## WHAT IS REQUIRED
Would you retype the whole listing exactly, leaving its pictures out?

## DATA EXTRACT
+++

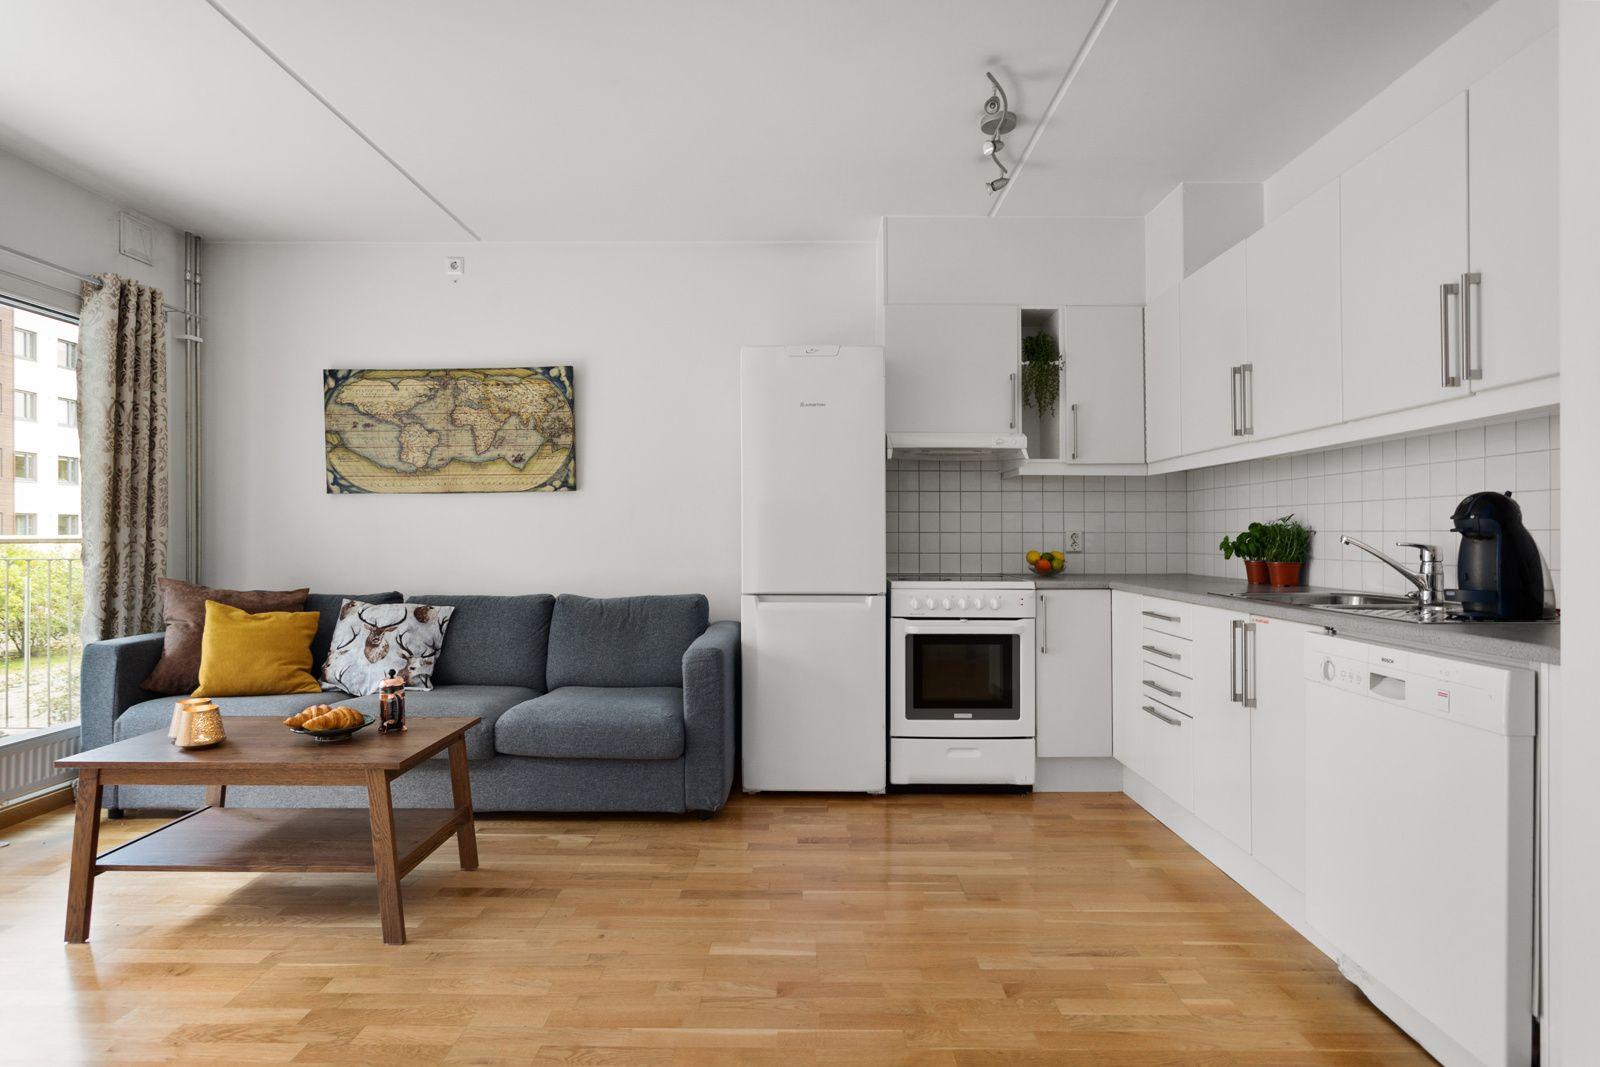 Nydalen allé 23 Åpen kjøkkenløsning mot stue. Kjøkkeninnredning med slette fronter. Benkeplate av laminat. Nedfelt oppvaskkum av rustfritt stål og ett-greps armatur fra Oras. Fliser på vegg over kjøkkenbenk.
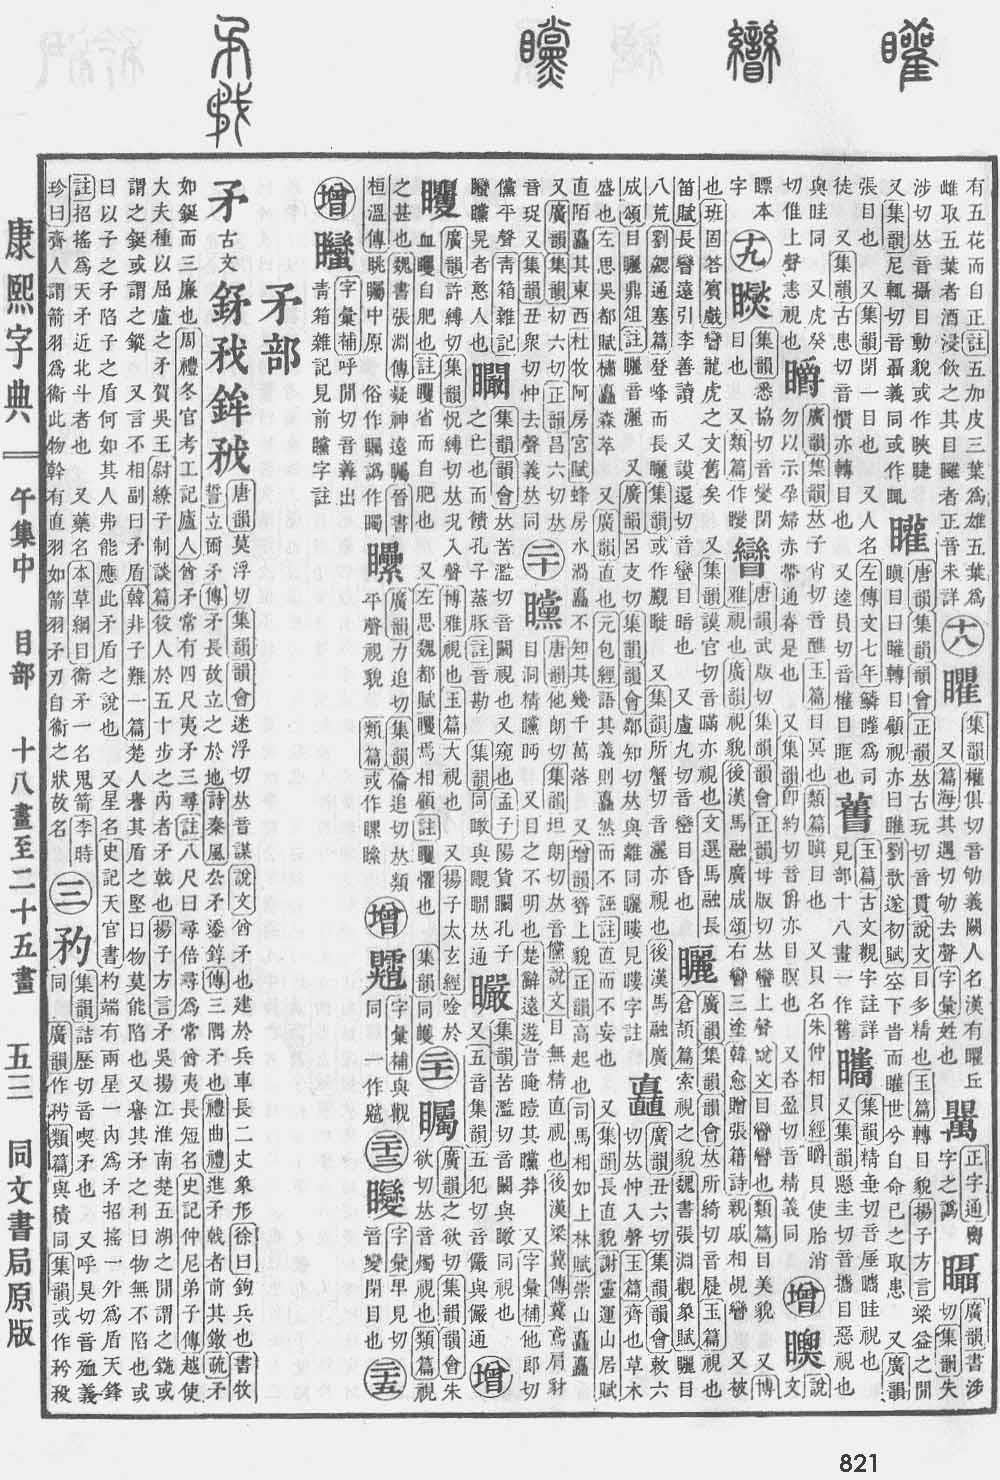 《康熙字典》第821页
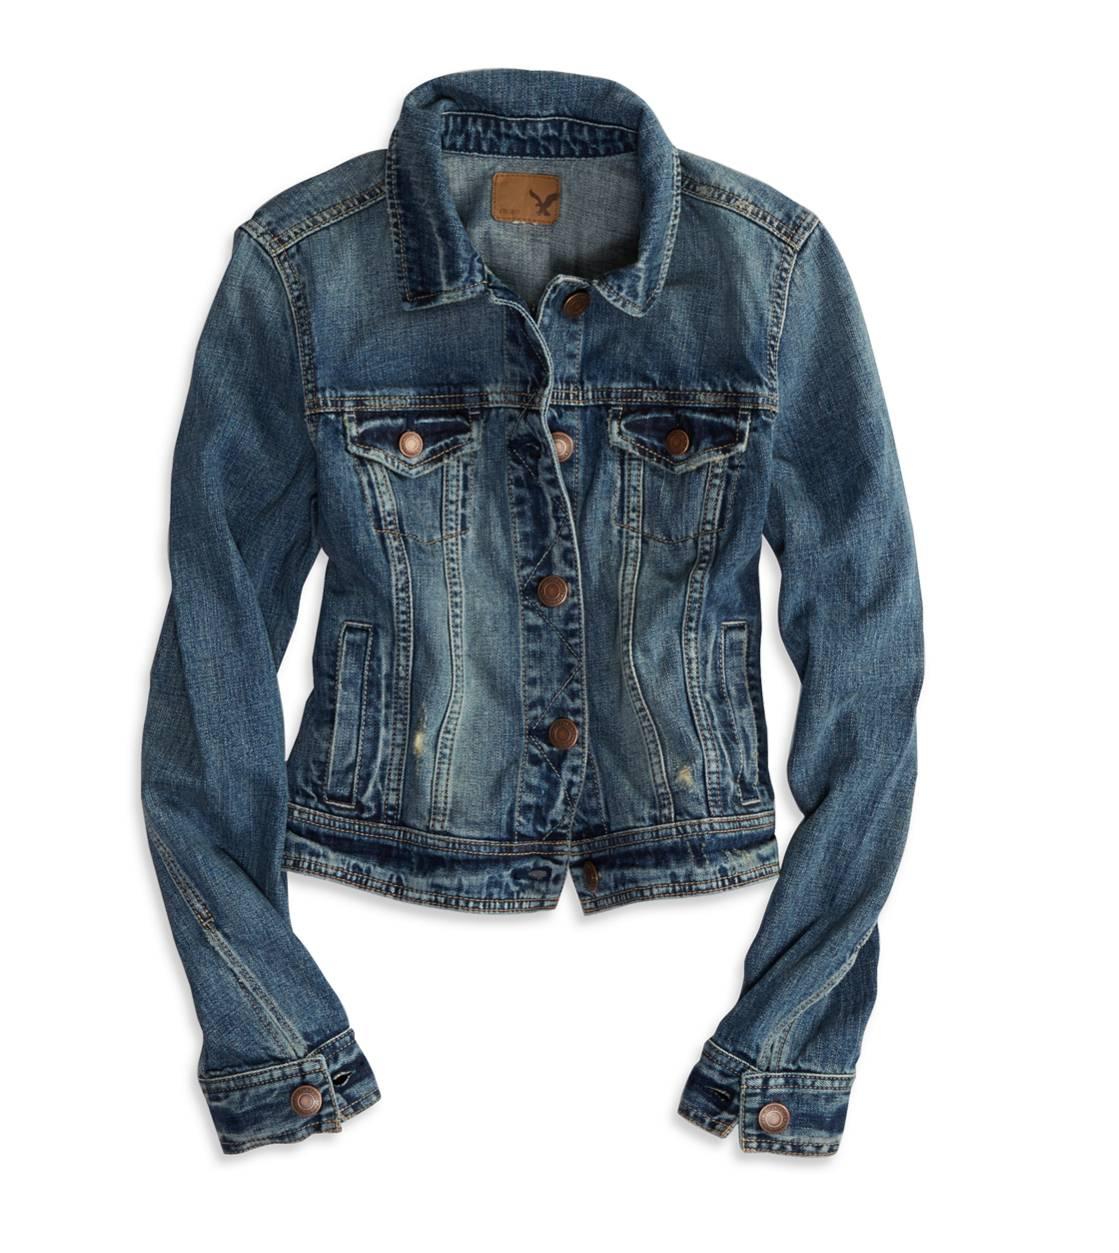 AE Faded Denim Jacket | American Eagle Outfitters - Faded Denim Jacket American Eagle Outfitters
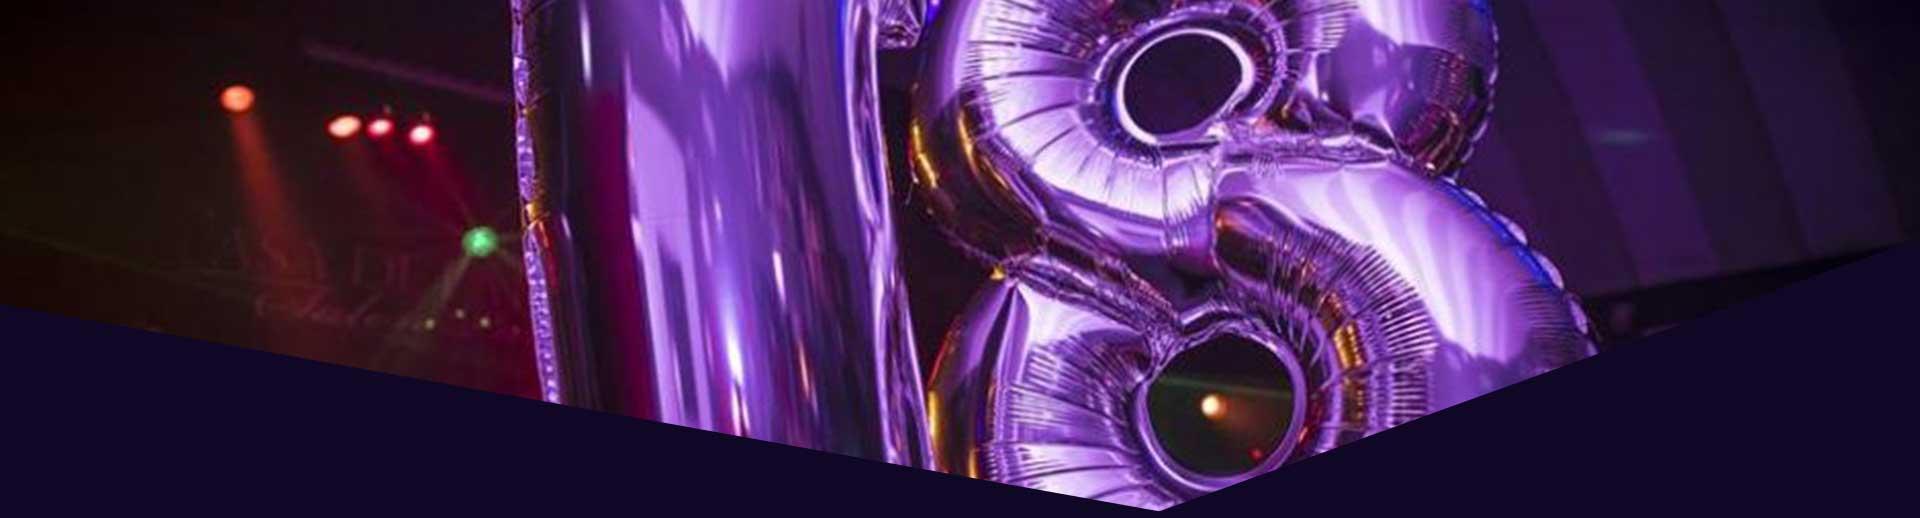 Black Hole Milano | Discoteche e night club a Milano per feste e musica dal vivo | Discoteca Milano Festa 18 anni discoteca

+++

## RESULT BELOW
 Nydalen allé 23 Åpen kjøkkenløsning mot stue. Kjøkkeninnredning med slette fronter. Benkeplate av laminat. Nedfelt oppvaskkum av rustfritt stål og ett-greps armatur fra Oras. Fliser på vegg over kjøkkenbenk.
 《康熙字典》第821页
 AE Faded Denim Jacket | American Eagle Outfitters - Faded Denim Jacket American Eagle Outfitters
 Black Hole Milano | Discoteche e night club a Milano per feste e musica dal vivo | Discoteca Milano Festa 18 anni discoteca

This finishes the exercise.